AP Photo/Jae C. Hong

Back in the time of the nation's founding, there were laws that barred drunks from carrying guns. This is one of those measures that, under the decision in NYSRPA v. Bruen, is kind of a slam dunk to keep on the books.

The problem is, like any law that's permitted, someone will try to take it to a ridiculous extreme.

That's what's happening in one case in Kansas, where a man was charged with possession of a firearm while intoxicated. Yet what sounds like a slam dunk crosses into the realm of idiocy pretty quickly:

At issue is a 2014 Kansas statute that makes it a crime for a loaded gun to be within an intoxicated person’s “immediate access and control while in a vehicle.” 

Sedgwick County District Judge Kevin M. Smith ruled that the language of the law is overly broad and unconstitutional on its face because it “bans persons who take reasonable precautions while under the influence of alcohol or drugs from exercising their Second Amendment right to keep and bear arms in defense against deadly assaults.” 

Smith dismissed a criminal case against 24-year-old Hunter C. Clift of Leon in 2024. The Sedgwick County District Attorney’s Office appealed to the state’s supreme court, which held a hearing on the case last week. 

Clift was arrested in Wichita’s Old Town district in February 2024 and charged with illegally possessing a firearm in a vehicle while intoxicated. Wichita police stopped Clift’s car, which was being driven by his girlfriend, because his black Dodge Challenger matched the description of a car reported near a shooting in the area. 

Clift, a concealed-carry license-holder, was not driving the vehicle, and he did not have a gun on his person. He cooperated with police and immediately alerted them to a loaded gun between the front seat and the center console. He also consented to a field sobriety test, which an officer said he failed.

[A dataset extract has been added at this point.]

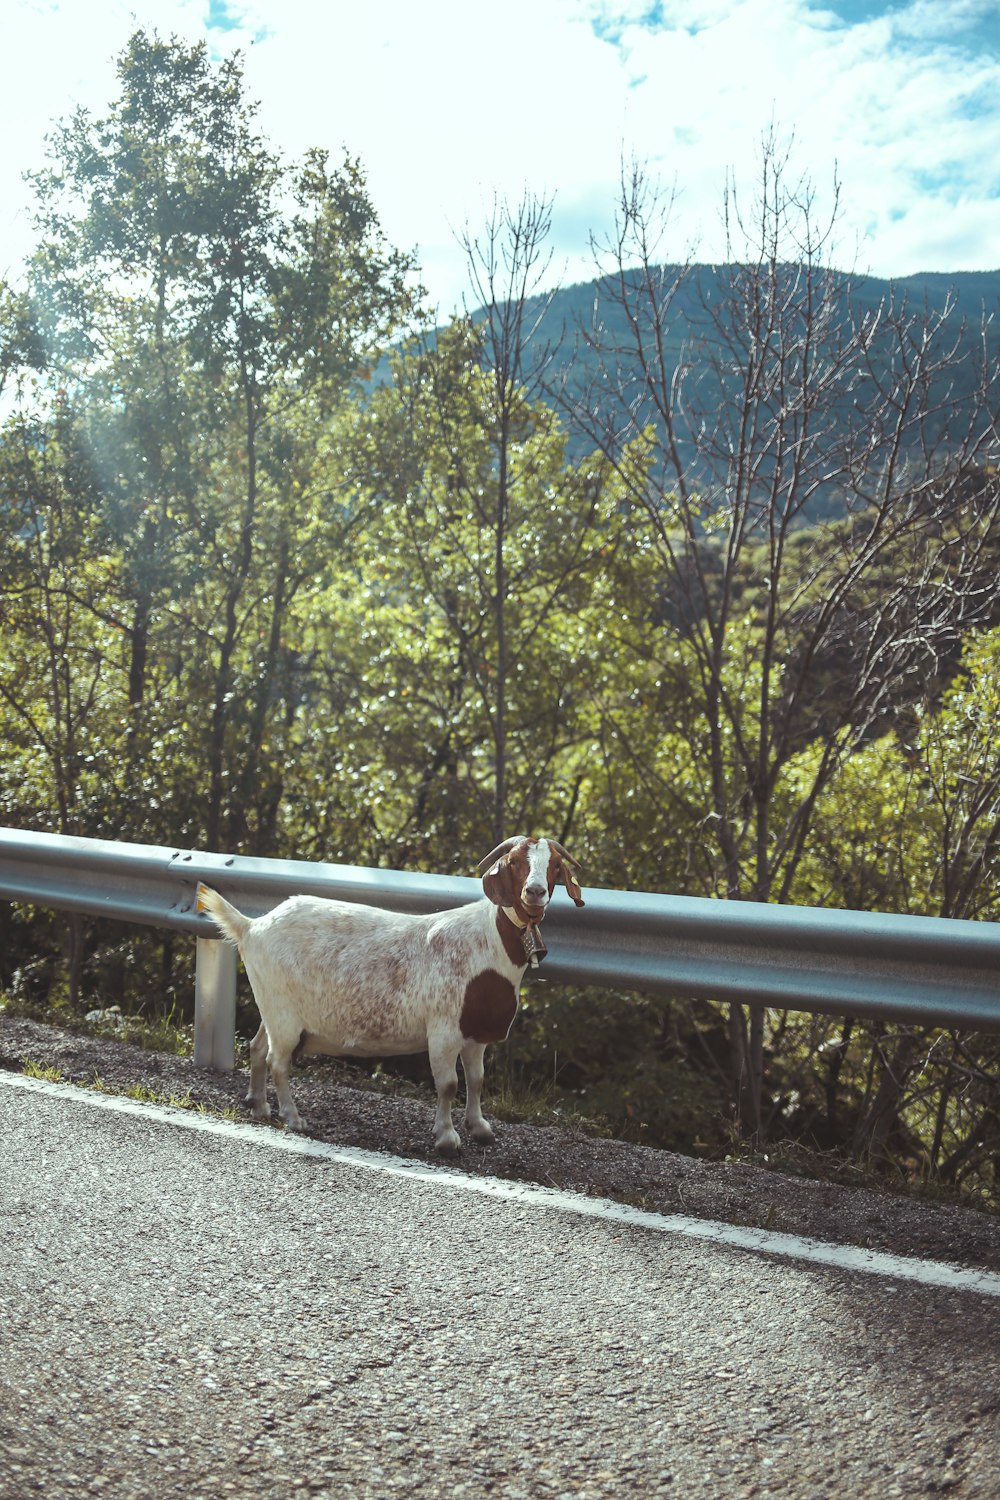 a goat standing on a road

He was arrested, questioned by police and booked into Sedgwick County Jail, where he expressed consternation about the arrest during a phone call, which is quoted in court filings: “Because I had a weapon in my car? I have conceal and carry. Do you not expect me to carry in Wichita?”

The judge agreed, basically saying the law put not just Clift in danger, but also his girlfriend.

It would have been one thing if he'd been carrying it on his person, but he wasn't. It was in his vehicle, in the center console, which is a common place for a firearm to be carried in a car—and, in some states, carrying it anywhere other than there or the glove compartment becomes legally messy—and he wasn't driving. While he was intoxicated, the gun wasn't on him.

"But it was in reach!"

So? It would be in reach inside his home, too, and are we going to say that you can't drink while owning firearms next? Is that where we're headed as a nation?

Honestly, since Kansas isn't a "duty to inform" state—meaning you don't have to volunteer to the police that there's a firearm in the vehicle, though if asked, you must answer honestly—Clift probably should have just kept his mouth shut. However, he didn't, likely because he wanted there to be no misunderstandings with the police.

Now, he's dealing with a court case about whether you can have a gun in or on your property while intoxicated. After all, that's what a car is. It's his property, no different from his home in that regard, and while he placed it in that center console while sober, and it was accessible to his non-intoxicated girlfriend should it be needed, he went to jail over it.

Everything about this is absolute stupidity.